On a high level, there are three different approaches to determine the value of a business:

• Asset approach: this is typically used for real estate or investment holding companies. Most of this income is considered passive so the valuation looks at the balance sheet and makes certain adjustments for fair market value and taxes affecting certain assets.

• Income approach for an operating business: this focuses on reviewing the company’s cash flows, earnings, revenues and operating expenses. “We normalize it to what a third-party buyer would expect to earn from the business , factoring in the buyer’s required rate of return based on the risk of the business,” Tam says. 

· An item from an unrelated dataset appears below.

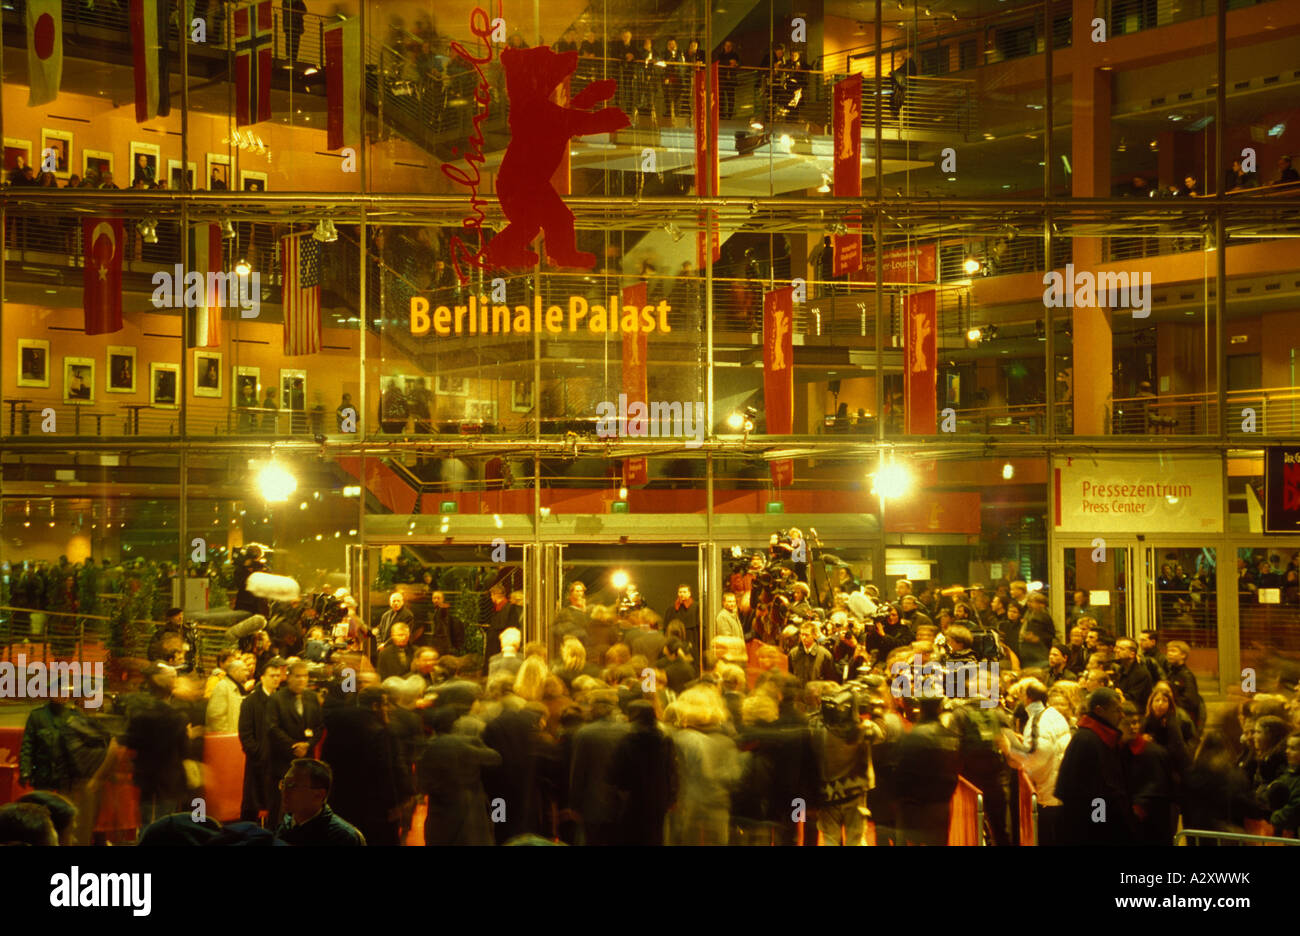 berlin berlinale internationale filmfestspiele berlinale palast stock photo royalty free. Black Bedroom Furniture Sets. Home Design Ideas
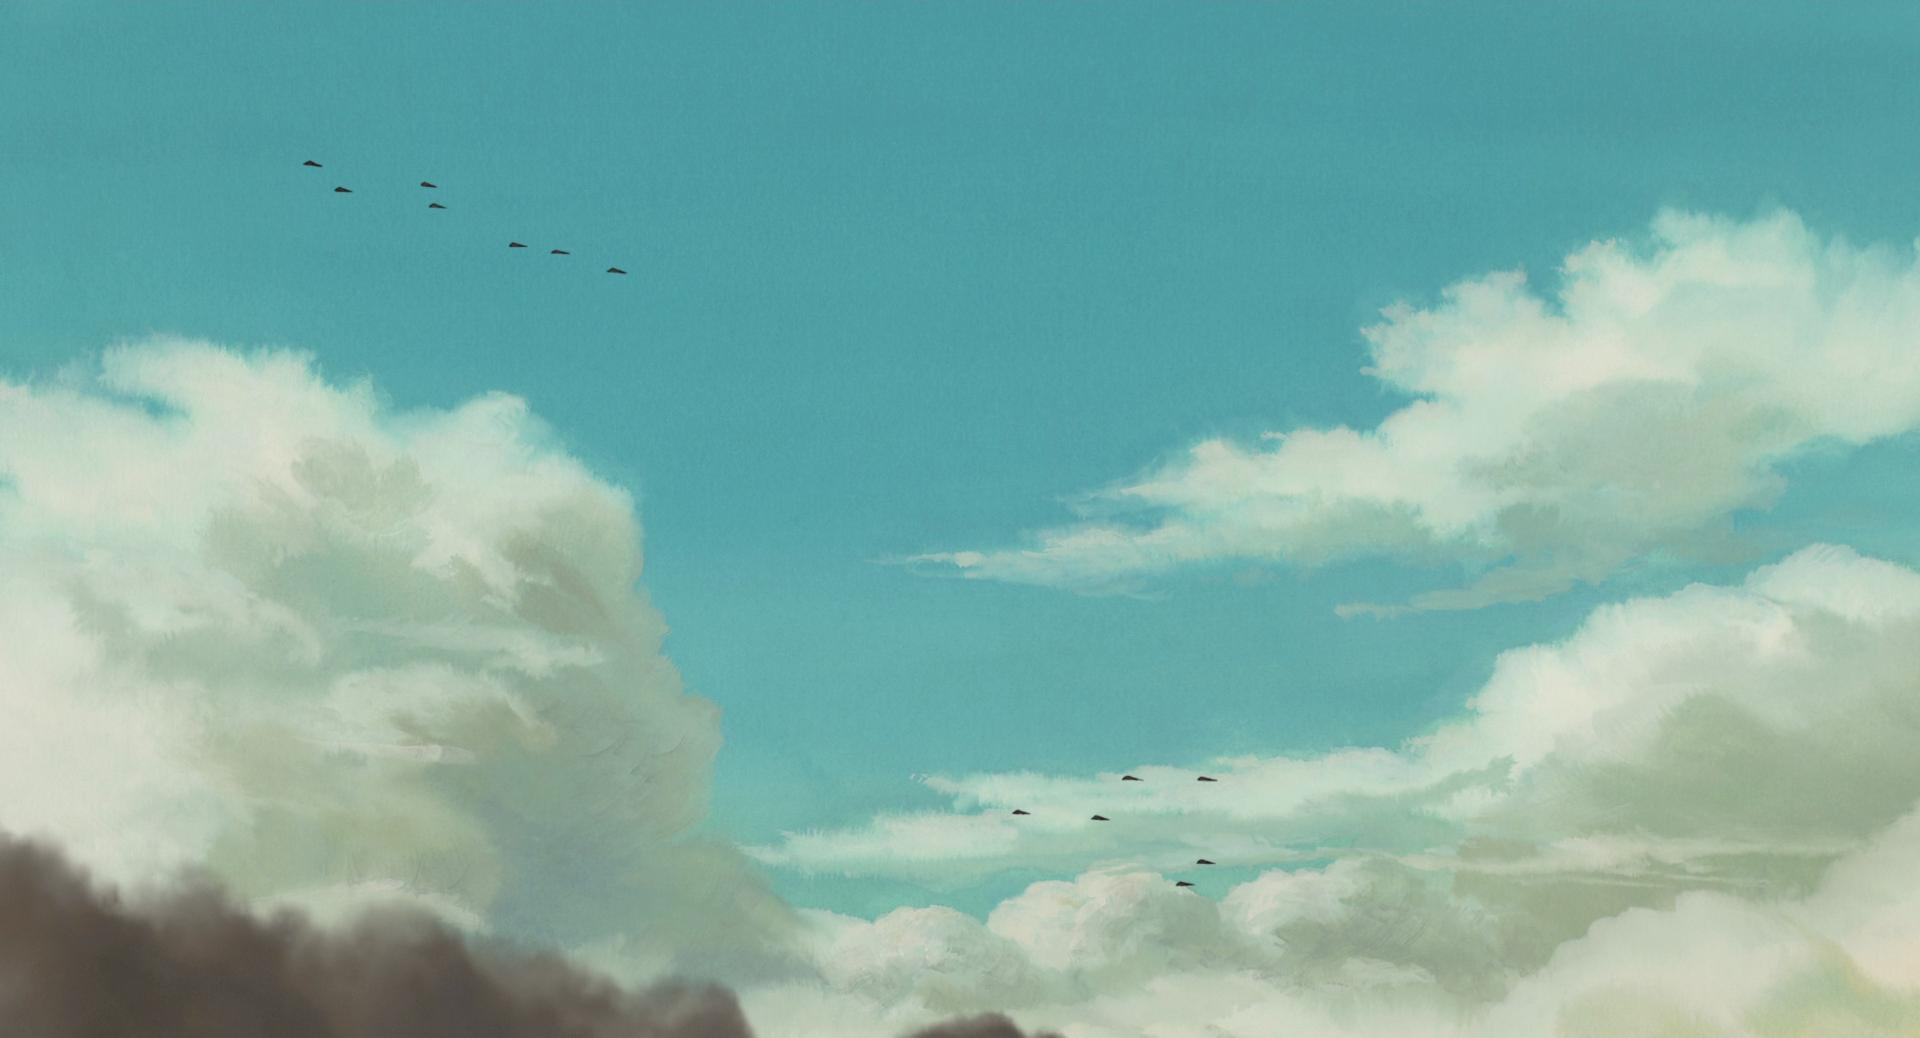 Wallpaper For Tablet Cute Studio Ghibli Hayao Miyazaki Anime Landscape Anime Sky

• Market approach for an operating business: this looks at the value of comparable companies. “It’s similar to what you’d do if you’re trying to sell your house; the first thing you do is get an idea of what your neighbours’ houses sold for,” Tam says. “Similarly, you’d look at comparable companies operating in the same industry, maybe in the same geography and see what these businesses sold for in the last few years..”

“When the business owner engages a third-party business valuator, they can be assured the valuator is independent and would have an objective view of all the financial details pertaining to the business,” Tam says. “They won’t add in an element of bias to either superficially lower or increase the value; it will be a neutral assessment.”